In [0]:
import requests
from pyspark.sql import SparkSession
from pyspark.sql.functions import col
from pyspark.sql.types import StructType, StructField, StringType, FloatType, IntegerType

spark = SparkSession.builder.appName("WeatherDataDBFS").getOrCreate()

Snowflake credentials for connecting the snowflake table.
Reading the data from Snowflake.

In [0]:
snowflake_options = {
    "sfURL": "EJDJBCL-ZI07581.snowflakecomputing.com",
    "sfDatabase": "PLACES_COORDS",
    "sfSchema": "PUBLIC",
    "sfWarehouse": "COMPUTE_WH",
    "sfUser": "ASWINK756",
    "sfPassword": "Aswin@123"
}

places_df = spark.read.format("snowflake") \
    .options(**snowflake_options) \
    .option("dbtable", "PLACES_LAT_LONG") \
    .load()

Type casting and converting df to Python dictionary for WeatherAPI integration.

In [0]:

places_df = places_df.withColumn("SERIAL_NO", col("SERIAL_NO").cast("int")) \
                     .withColumn("LATITUDE", col("LATITUDE").cast("float")) \
                     .withColumn("LONGITUDE", col("LONGITUDE").cast("float"))

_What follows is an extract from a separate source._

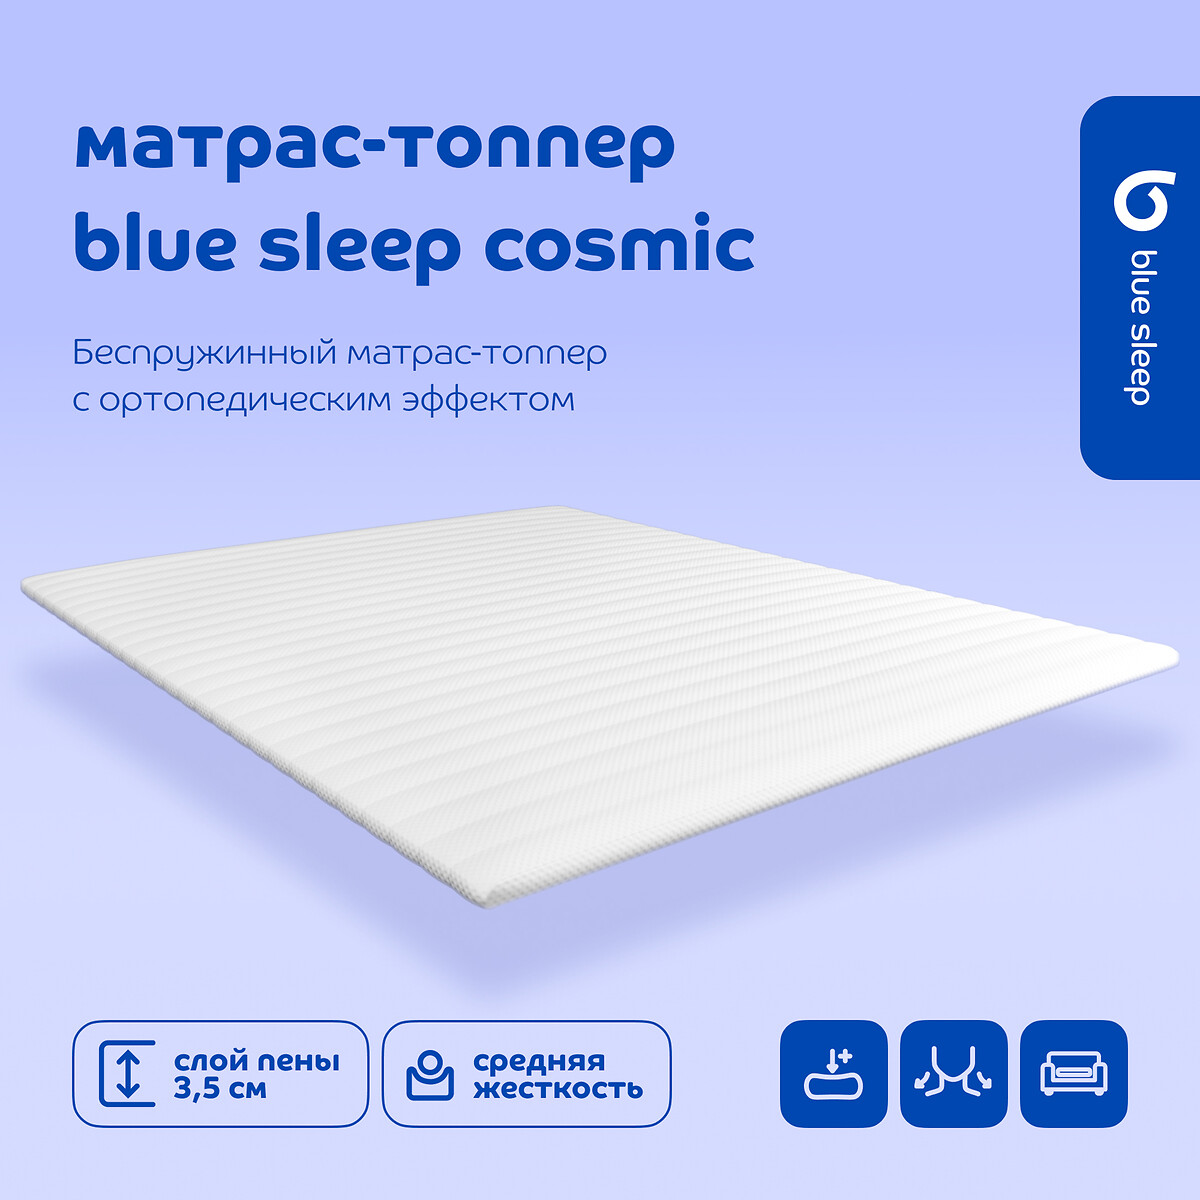 Топпер Blue Sleep Cosmic 90 x 200 см белый LaRedoute, размер 90 x 200 см - фото 4

places_data = places_df.select("SERIAL_NO", "PLACE", "LATITUDE", "LONGITUDE").rdd.map(lambda row: {
    "serial_no": row["SERIAL_NO"],
    "place": row["PLACE"],
    "lat": row["LATITUDE"],
    "lon": row["LONGITUDE"]
}).collect()


WeatherAPI Endpoint and Key

In [0]:
url = "http://api.weatherapi.com/v1/current.json"
api_key = "c7f5143f818f45b0b0a131645241911"

weather_data = []

Loops through each place in the dictionary and queries WeatherAPI using latitude and longitude.

In [0]:
for place in places_data:
    params = {
        "key": api_key,
        "q": f"{place['lat']},{place['lon']}"  # Use latitude and longitude
    }

    response = requests.get(url, params=params)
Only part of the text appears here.